Can a biological neuron can be replaced by a functionally equivalent artificial component?
- Jun 4
- 2 min read
This article is in response to Hinton's (troubling for me) interview re consciousness. See timestamp 6:18 onward.
My position is closer to what philosophers such as Maurice Merleau-Ponty, Hubert Dreyfus, and, in a different way, Martin Heidegger who argued: intelligence and consciousness are not detached computations but emerge from being embodied, situated, and engaged in a world.
Hinton assumes that consciousness is computation; I contend that consciousness is lived existence, and no one has shown that the latter can be reduced to the former.
Let me explain:
Hinton's thought experiment begins by assuming that a biological neuron can be replaced by a functionally equivalent artificial component. But that assumption already contains the conclusion.
We cannot currently replace even a single biological neuron with a technological substitute that captures its full nature. A neuron is not merely an input-output device. It is a living cell, embedded in a biochemical network, interacting through electrical signals, neurotransmitters, hormones, proteins, metabolic processes, and continuous adaptation. It is the product of billions of years of evolutionary refinement.

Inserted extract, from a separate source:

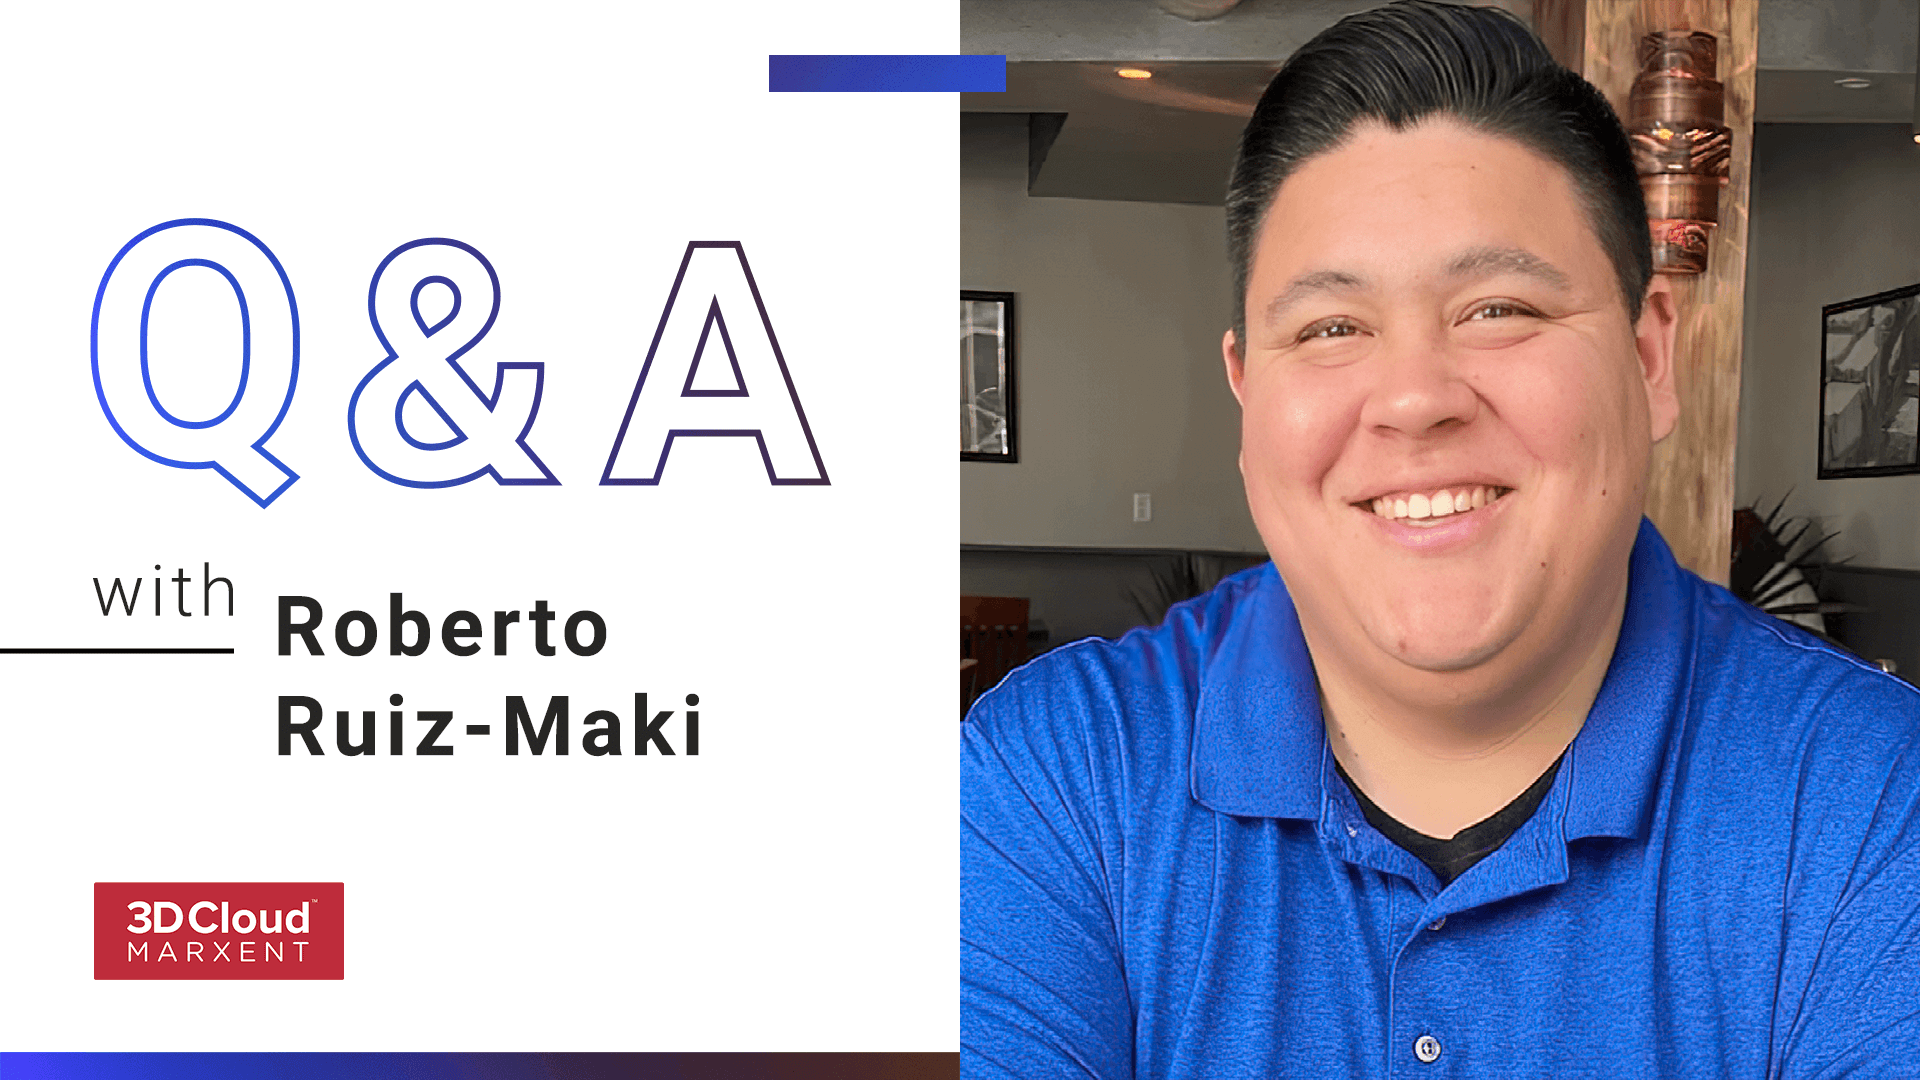 Employee Q&A with Roberto Ruiz-Maki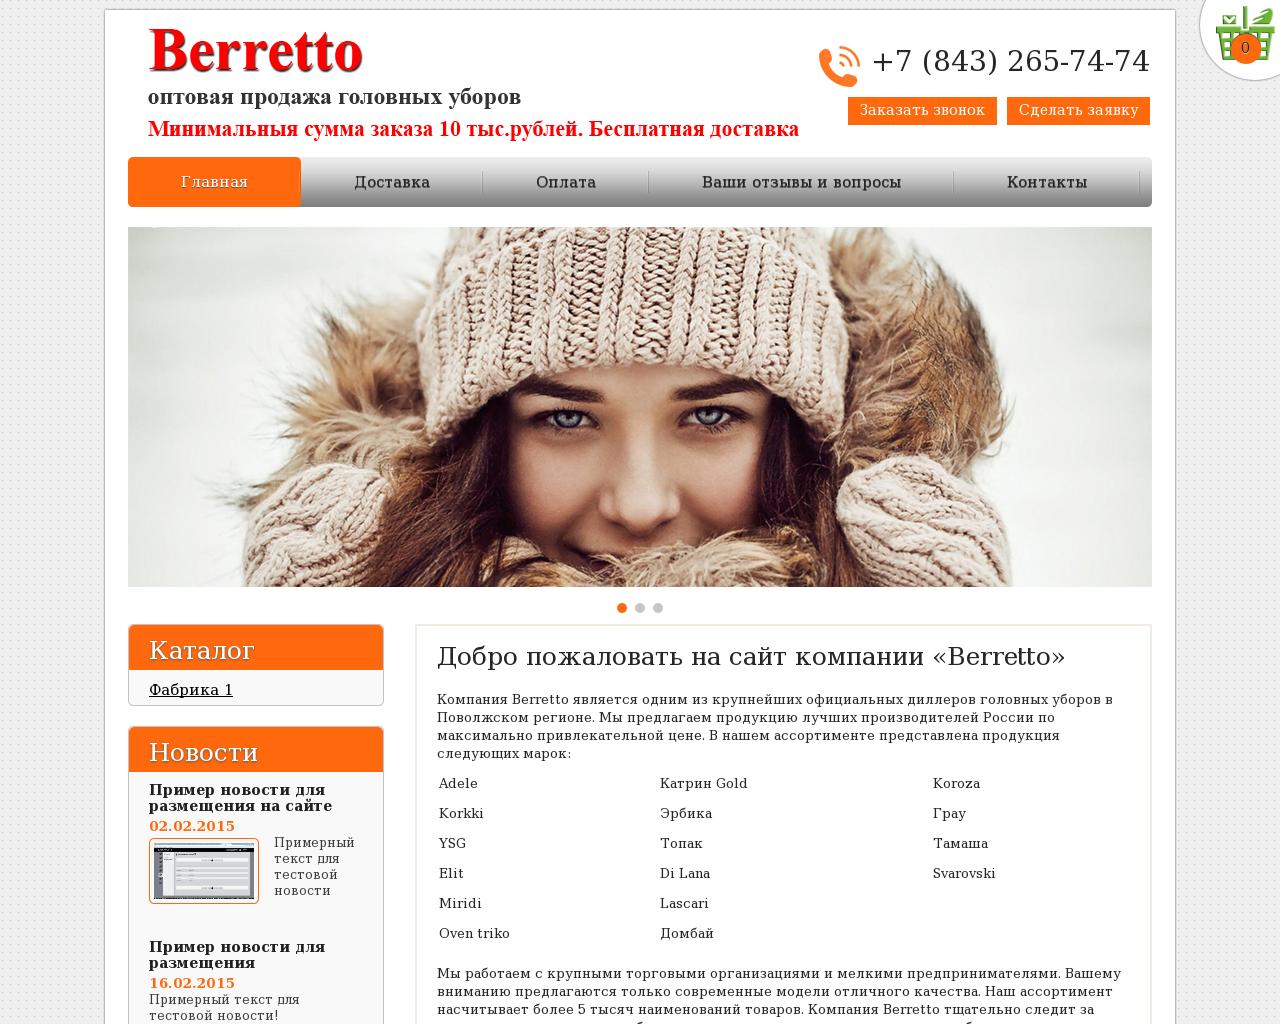 Изображение сайта berretto.ru в разрешении 1280x1024

The human brain is not a computer running software. It is a living organ, inseparable from the body that sustains it. Its activity is influenced by the immune system, endocrine system, sensory experience, emotional states, physical needs, and developmental history. To treat a neuron as simply a signal-processing unit risks abstracting away precisely those features that may be essential to consciousness. More importantly, consciousness may not arise solely from computation. Human beings are embodied creatures existing in a real external world. We occupy space, experience the passage of time, are vulnerable. We age, suffer and know that we will die.
Mortality is not a trivial feature of human existence; it shapes meaning, purpose, urgency, love, fear, ambition, and regret.
Our consciousness is inseparable from the fact that our time is limited. A language model, however sophisticated, does not confront existence in this way. It has no body to preserve, no future to anticipate, no mortality to fear, and no stake in the outcomes of its own actions.
The claim that AI is conscious therefore rests on a profound assumption: that subjective experience can be reduced entirely to information processing.
But this has never been demonstrated. It remains entirely possible that consciousness depends on biological, embodied, and evolutionary realities that cannot simply be compressed into a computational architecture.
Until we understand why consciousness exists at all, it is premature to conclude that a machine manipulating symbols and probabilities has crossed the threshold into genuine awareness.
Dr Dorel Iosif chairs the boards of Cognisium Pty Ltd and the Carbon Management Society Ltd.